Who claims himslef God
Know him to be full of fraud.
Who claims Guru on his own
Know him to be a perfect clown.
'Cause God and Guru even disown
The merit that They really own.

Nathyogi | Tue, 10/07/2014 - 10:44
george's picture

You can say again and again

You can say again and again and even again but this will not convert your baseless hypothesis into truth, that's where you are stuck, so many have told you this before but you are blocked and needlessly cause yourself to not progress on the path.

I and others gave you factual and validated hints and you keep on replying with dogmas and mere statements with no supporting arguments or just cyclic arguments. You are like any other religious fanatic who clings to scriptures and doesn't dare to open his eyes.

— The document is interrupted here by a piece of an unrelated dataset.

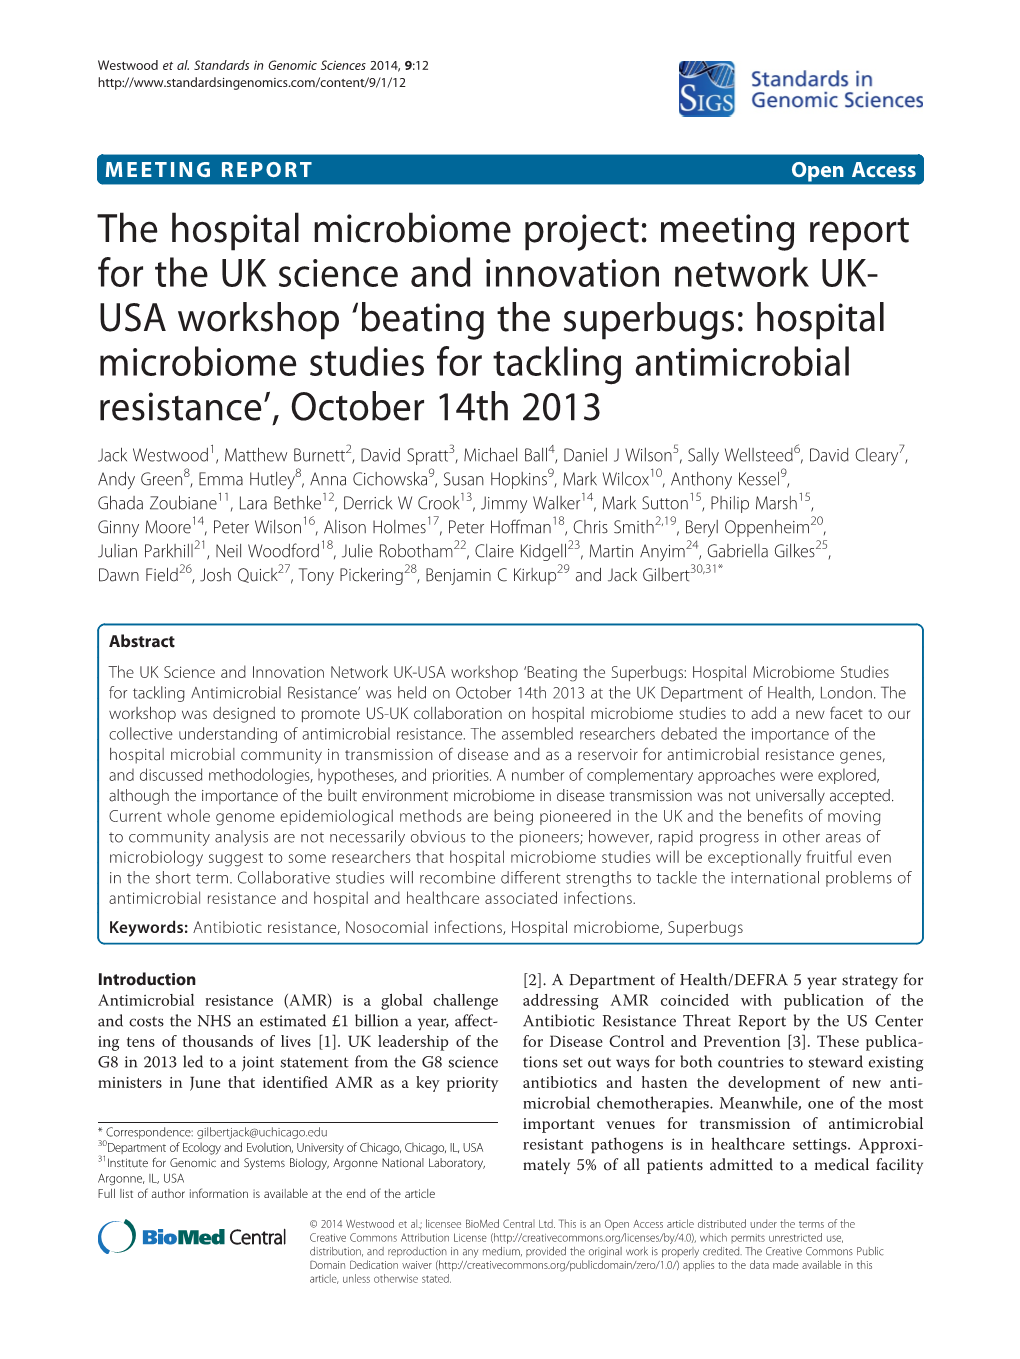 The Hospital Microbiome Project
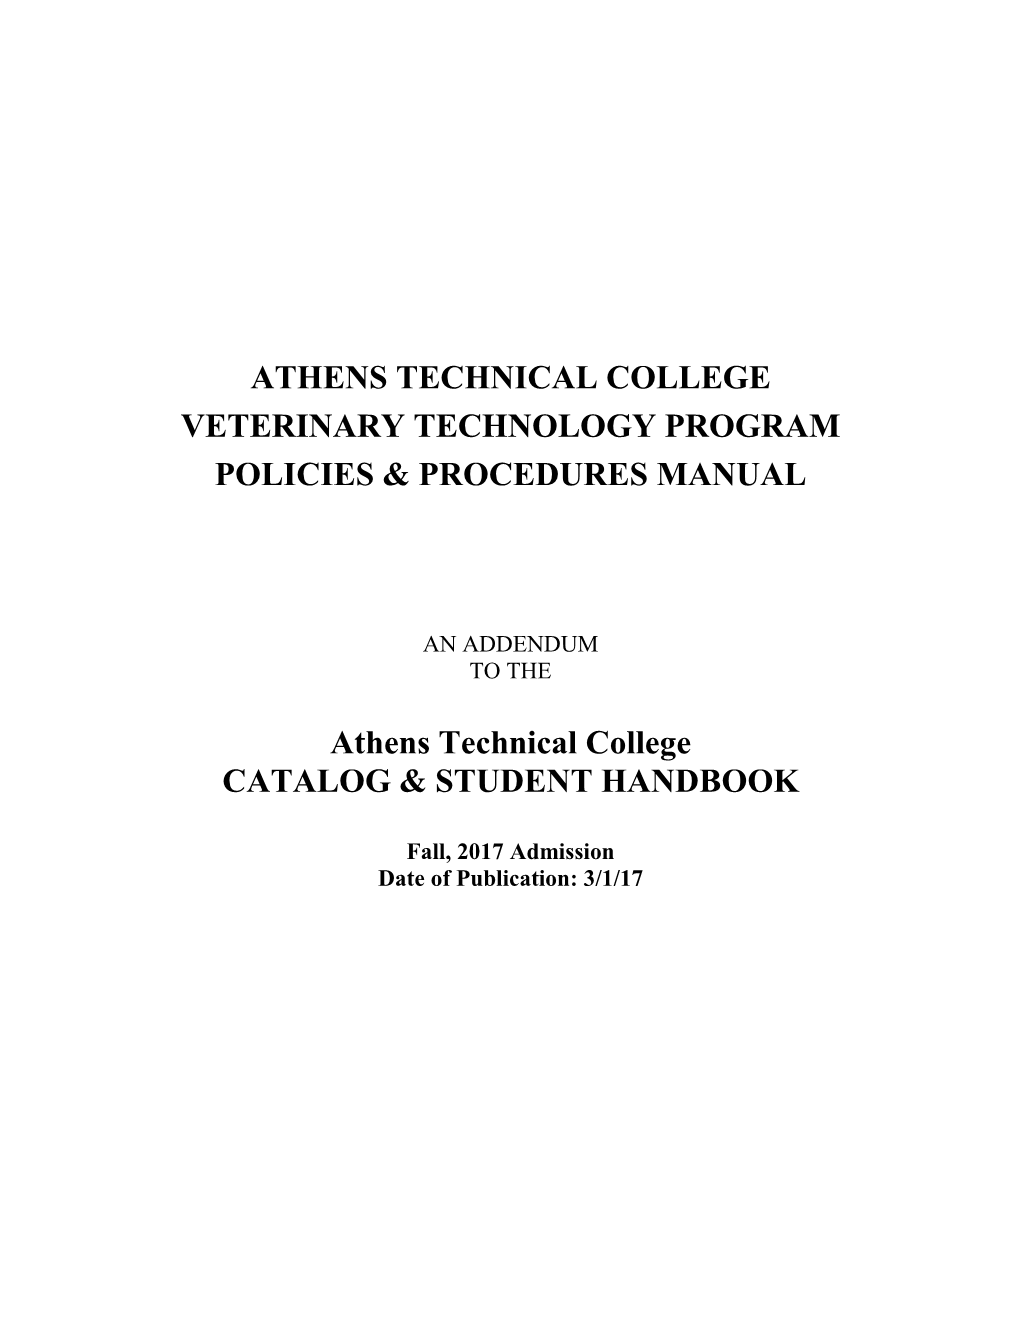 Athens Technical College Veterinary Technology Program Policies & Procedures Manual

Don't try to sell this "I praised some genuine gurus", you don't really know who is genuine and who is not, your ego mught think so but it's time for you to go beyond your ego, you praised no gurus here except the dead one you follow, you keep on going one guru profile after another and just smearing them based on one hallucinatory factor - whether they had a guru or not. Moreover, you do it even to masters that you yourself admit that you have no familiarity with their teachings and nature. Okay, we got it, now enough with flooding the guru profiles with this nonsense negativity. Anyway, I suspect that the editors will erase all these opinions of yours at some point as they did to similar "serial" opinions before.

PS. you misunderstand the essence of being a disciple, it's just a means to an end, it's an instrument, not the purpose. There is no difference between you and capitalists who see money as the purpose and do not understand that it's just an instrument or generals who see war as the purpose etc. This mental disorder of turning the means into the purpose and getting stuck in that adoration is called fetishism.

george | Tue, 10/07/2014 - 11:02
Nathyogi's picture

Re: You can say again and again

My poetry is the proof of truth that I carry.

You being a nigura cannot know of truth.
So far truth or fact has not been written down. Your claim of hints and facts is nothing but your projection of ego based on your works (not carrying out the duties laid in the scriptures).
Truth is beyond expression, language, writing etc.
A frog in the well thinks what it knows is only the world available.
It cannot be tolerated if you project, promote and propagate what you know is the only truth and fact available to the world.
First your life is not truthful where is the question of knowing truth and expressing it.
What a nigura knows is ignorance is repeatedly told by all the scriptures of the world.
Be happy and live in your ignorance. But remember you will never ever reach truth without serving a Guru.
This is not my opinion. All great souls of the past expressed it and they did serve their Gurus. Do you think were they fools to serve a Guru?

PS: First become a disciple, serve a Guru, then come and talk. This is the practice of truth. A nigura has no knowledge what a disciple is and cannot judge without passing the phase of disciple.
What a nigura talks is babbling of a child. There is not an iota of truth found in him.
They are called hypocrites if niguras start becoming Gurus. This is simple truth. To understand this commonsense is required. I think you don't have that also for you are comparing disciples with capitalists. This shows your biased mind which served not even parents who gave you this body.
First you serve your parents and then become a disciple, serve a Guru and come and talk. Else accept that practicing truth is beyond you and you only know talking.